Views of the Time Square Show (organized by Colab), 1980. Photo collage by Terise Slotkin

At what date on the calendar, at what precise location, did counterculture become pop culture? And who do we mark down in the history books as the hero, or the villain, who masterminded the switch? There is an answer: “The Times Square Show.” In June of 1980, more than a hundred artists, under the auspice and directed by the vision of Colab (Collaborative Projects), took over a four-story building on Forty-first Street and Seventh Avenue and mounted a two-month exhibition. There were big names: Tom Otterness, Jean-Michel Basquiat, Kiki Smith, Jenny Holzer, Kenny Scharf, Nan Goldin. But, already, this is a wrong turn; the notion of individual heroism, of the creative ego that strives for and achieves recognition—in other words, a modernist view of the artist—is an anachronistic way to view “The Times Square Show.”

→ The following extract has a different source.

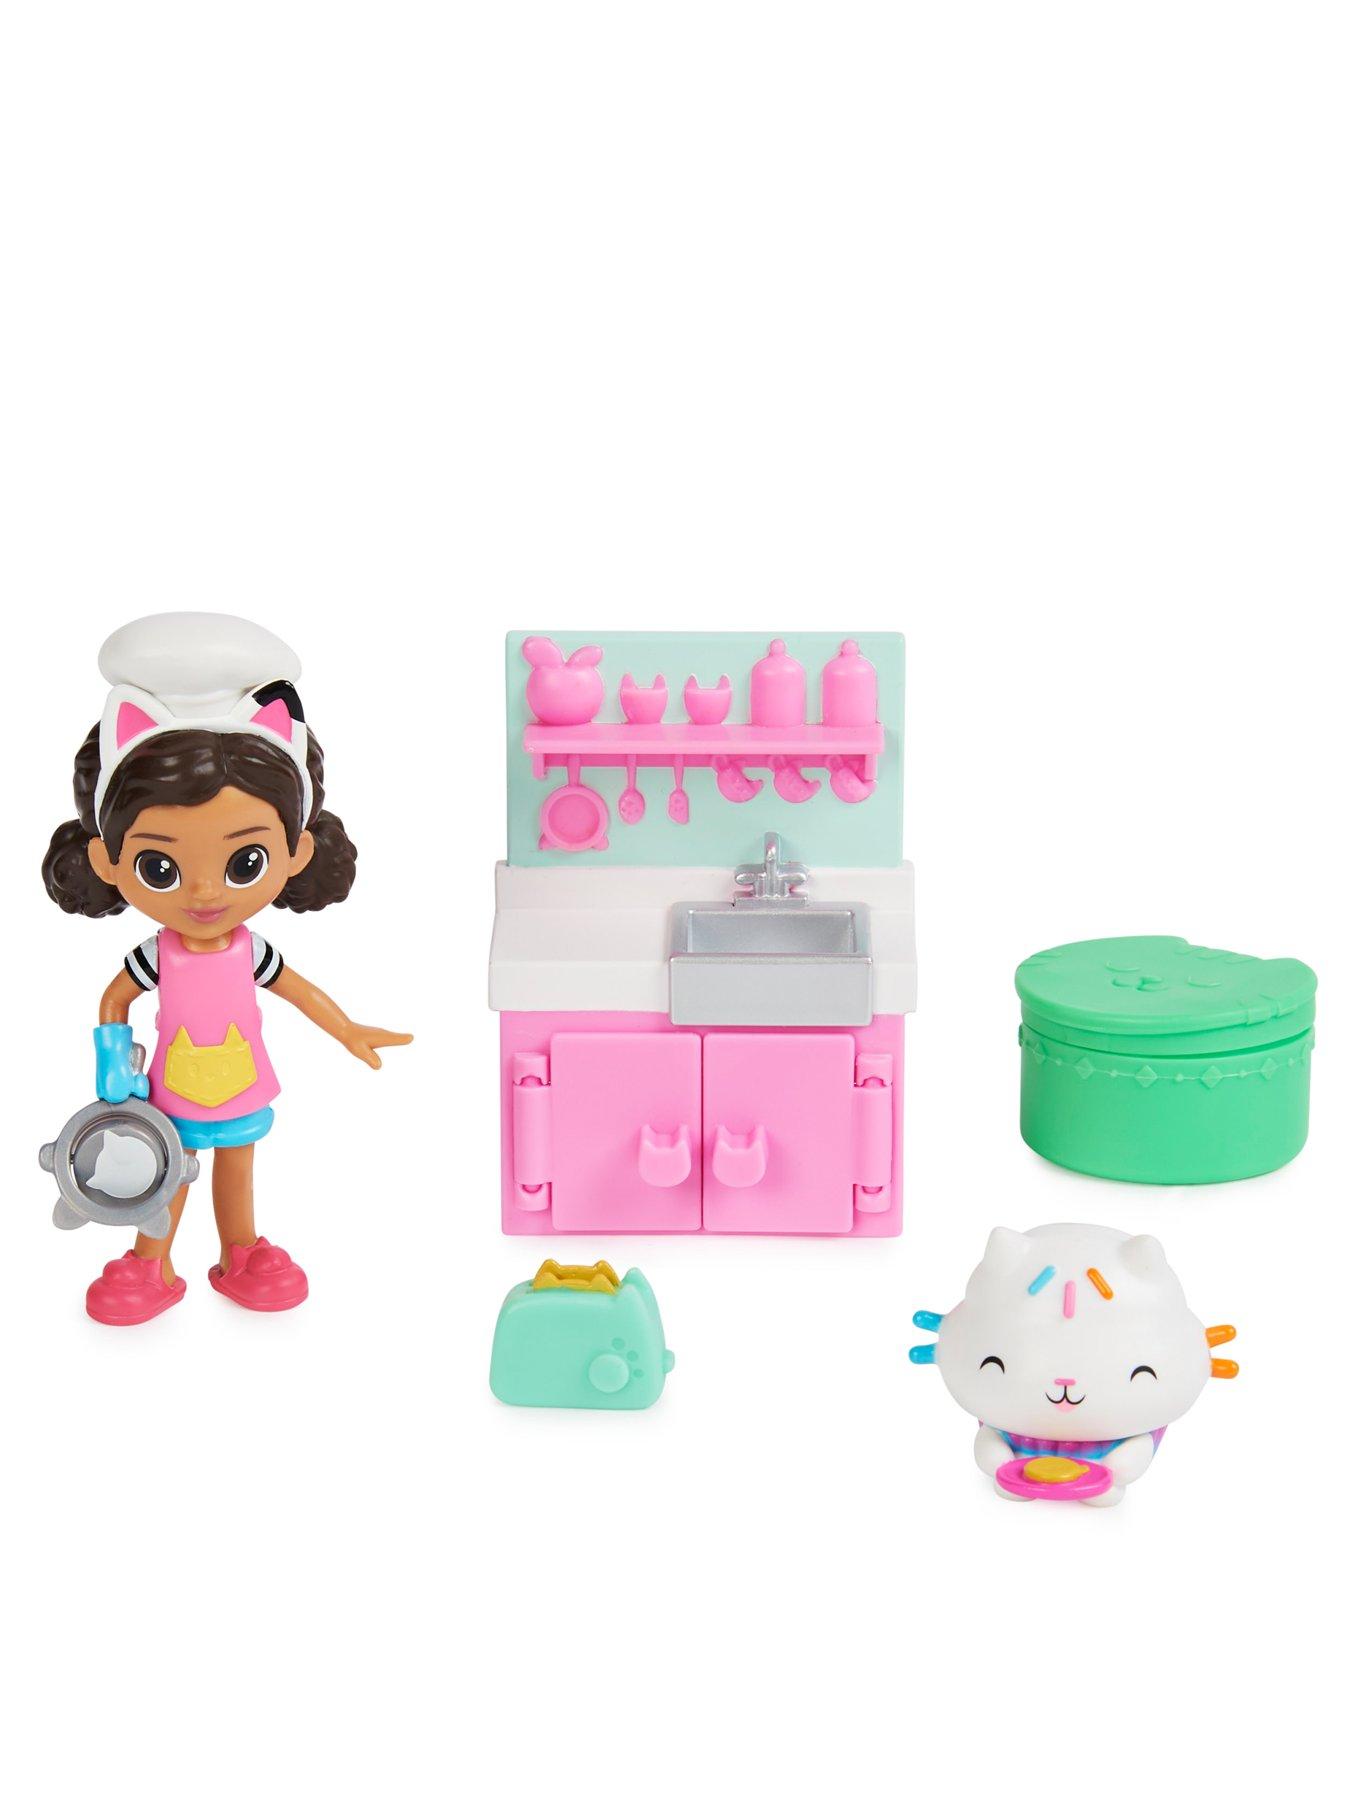 Gabby's Dollhouse, Kitty Camera, Pretend Play Preschool Kids Toys for Girls  and Boys Ages 3 and up

Time Square Show (organized by Colab), map of the first and second floors with list of participating artists. Floor plan by Tom Otterness, notations by John Ahearn

The idea behind “The Times Square Show” was different: a collaborative, self-curated, self-generated group show that transcended trappings of class and cultures. As John Ahearn, a Colab initiator who spotted the location on a Times Square jaunt with Tom Otterness, told the East Village Eye, “Times Square is a crossroads. A lot of different kinds of people come through here. There is a broad spectrum, and we are trying to communicate with society at large.” Ahearn went on to tell the Eye, “There has always been a misdirected consciousness that art belongs to a certain class or intelligence. This show proves there are no classes in art, no differentiation.”

Becky Howland, Oil Rig Fountain, 1980. Installation view in the men's room, Times Square. Also visible: Atomic Graffiti by Mitch Corber and Fruit (upper right) by Joe Fyfe. © Terise Slotkin Photography.

In that respect—a high/low cultural mashup that garnered big attention—the show was successful, drawing praise from the orthodoxy (Art in America, The New York Times, Artforum) for an artistic movement that had, until then, been relegated to the outskirts. It was four floors of divine chaos: bags of money in the toilets; rats, money, and guns wallpaper; strap-ons, sex dolls, graffiti; rags and garbage; and no white walls. That the art was for sale, that this was indeed some kind of gallery event, was itself in quotations. The show was intended to give testimony and evidence to a greater truth: the lunatics ran a better asylum.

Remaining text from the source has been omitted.